5

I have an algorithm that relies on integer inputs x, y and s.
For input checking and raising an exception for invalid arguments I have to make sure that there is a natural number n so that x*s^n=y
Or in words: How often do I have to chain-multiply x with s until I arrive at y.
And more importantly: Do I arrive at y exactly?

This problem can be further abstracted by dividing by x: x*s^n=y => s^n=y/x => s^n=z
With z=y/x. z is not an integer in general, but one can only arrive at y using integer multiplication if y is divisible by x. So this property can be easily tested first and after that it is guaranteed that z is also an integer and now it is down to solving s^n=z.

There is already a question related to that.

There are lots of solutions. Some iterative and some solve the equation using a logarithm and either truncate, round or compare with an epsilon. I am particularly interested in the solutions with logarithms. The general idea is:

def check(z,s):
    n = log(z)/log(s)
    return n == int(n)

Equality comparing floating point numbers does seem pretty sketchy though. Under normal circumstances I would not count that as a general and exact solution to the problem. Answers that suggest this approach don't mention the precision issue and answers that use an epsilon for comparing just take a randomly small number.
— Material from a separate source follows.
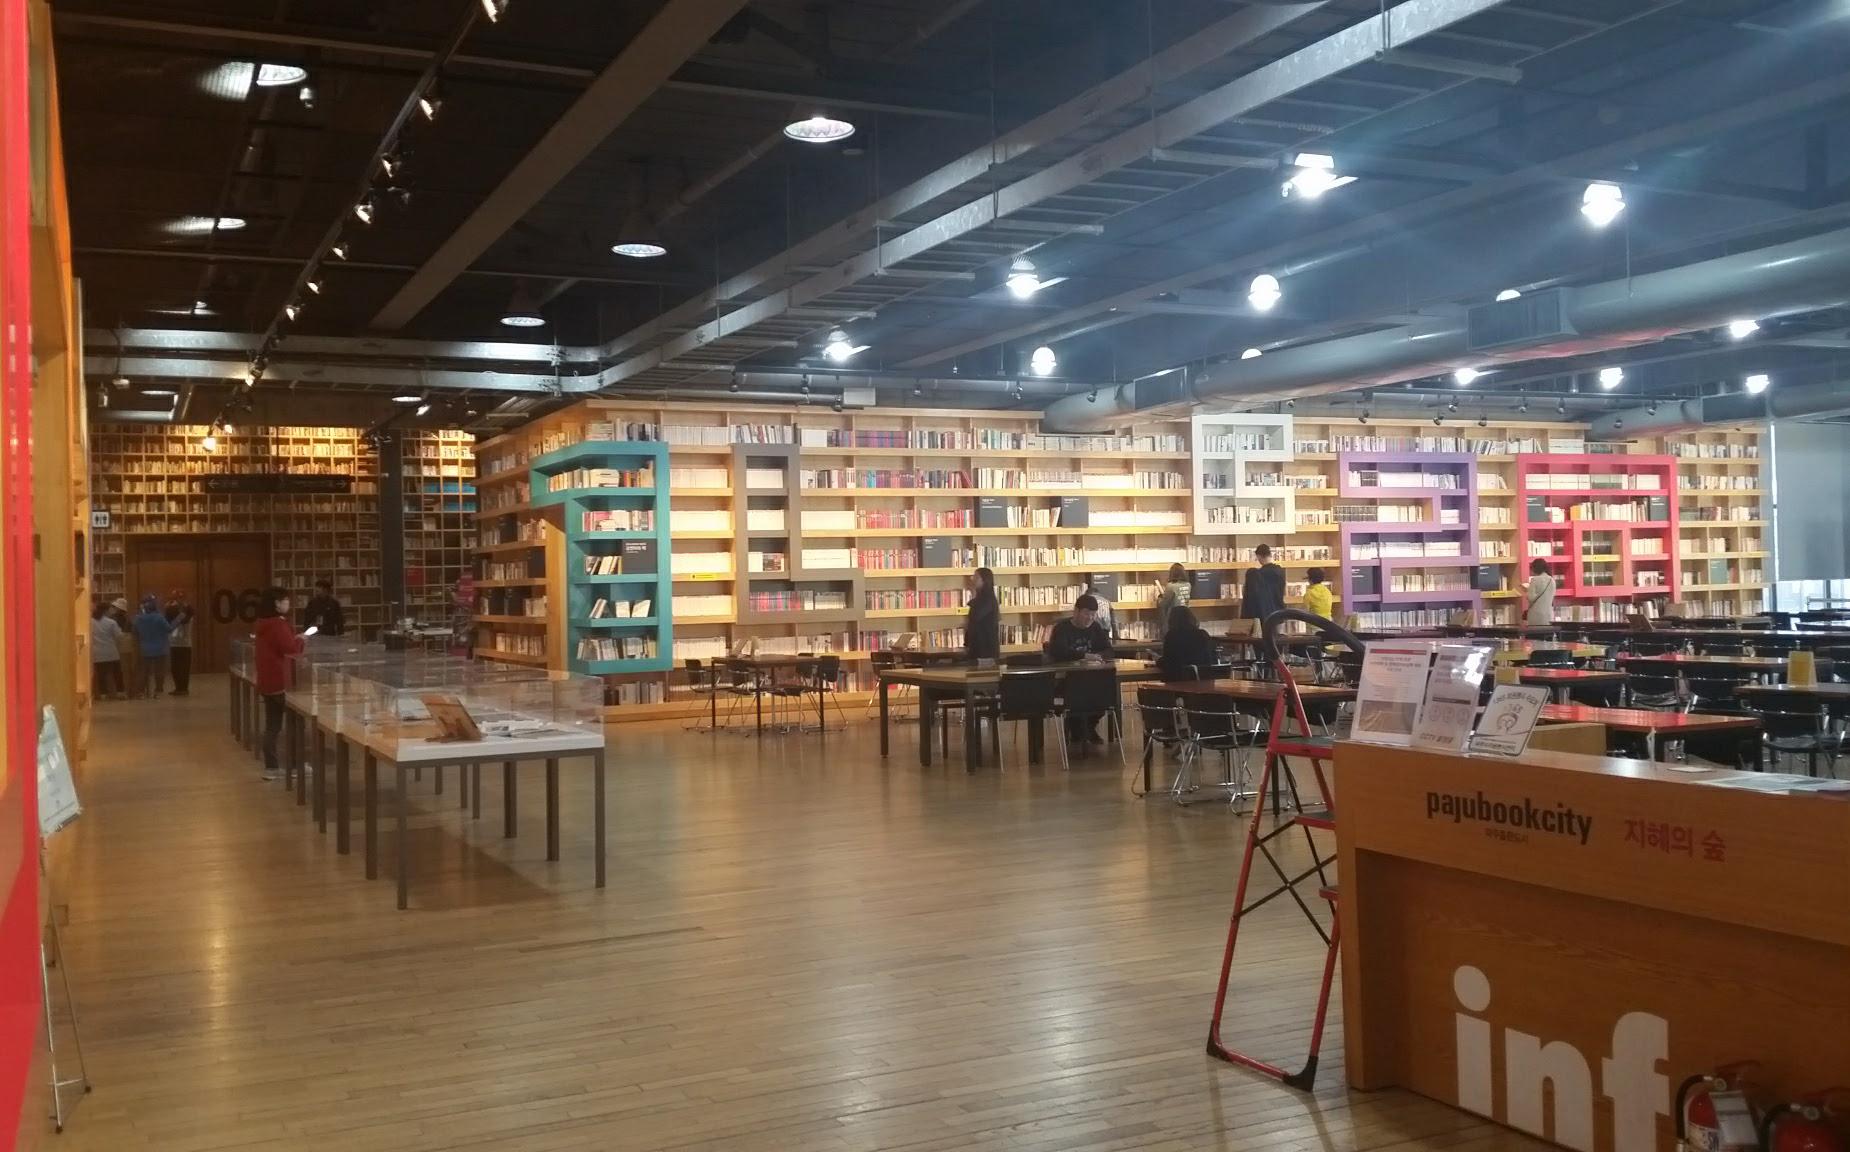 Paju - Book City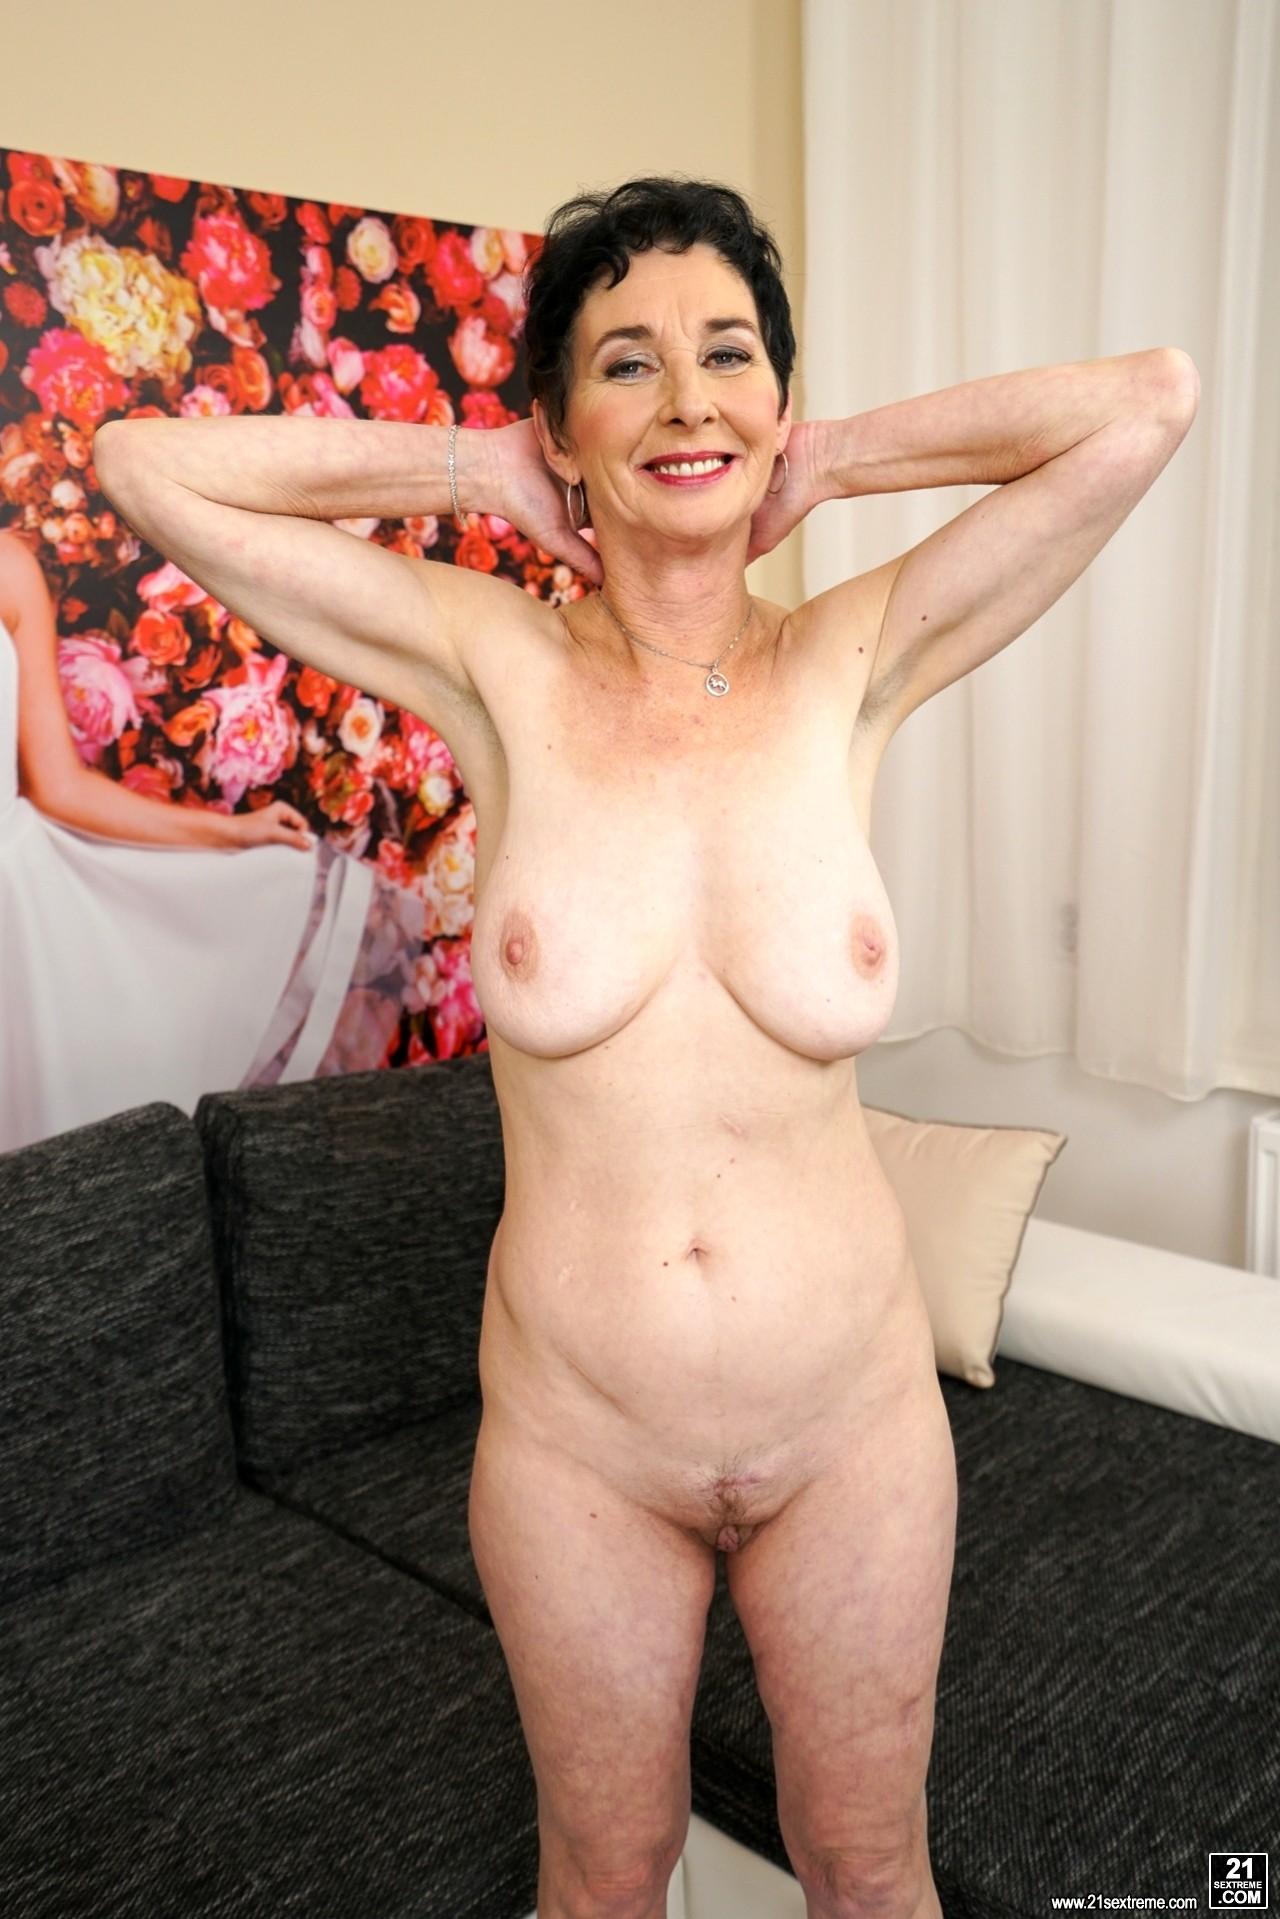 21 Sextury Pixie My Granny Livestream Sex Hd Pics-2863

I wonder how robust this method (with straight equality) really is, because it seems to work pretty well and I couldn't break it with trial and error. And if it breaks down at some point, how small or large the epsilon has to be.

So basically my question is: Can the logarithm approach be guaranteed to be exact under specific circumstances? E.g. limited integer input range.

I thought about this for a long time now and I think, that it is possible that this solution is exact and robust at least under some circumstances. But I don't have a proof for that.

My line of thinking was:
Can I find a combination of x,y,s so that the chain-multiply just barely misses y, which means that n will be very close to an integer but not quite?
The answer is no. Because x, y and s are integers, the multiplication will also be an integer. So if the result just barely misses y, it has to miss by at least 1.
Well, that is how far I've gotten. My theory is, that choosing only integers makes the calculation very precise. I would consider it a method with good numerical stability. And also with a very specific behaviour regarding stability. So I believe it is possible, that this calculation is precise enough to truncate all decimals. It would be insane if someone could prove or disprove that.

If a guarantee for correctness can be given for a specific value range, I am interested in the general approach, but a fairly applicable range of values would be the positive part of int32 for the integers and double floating point precision.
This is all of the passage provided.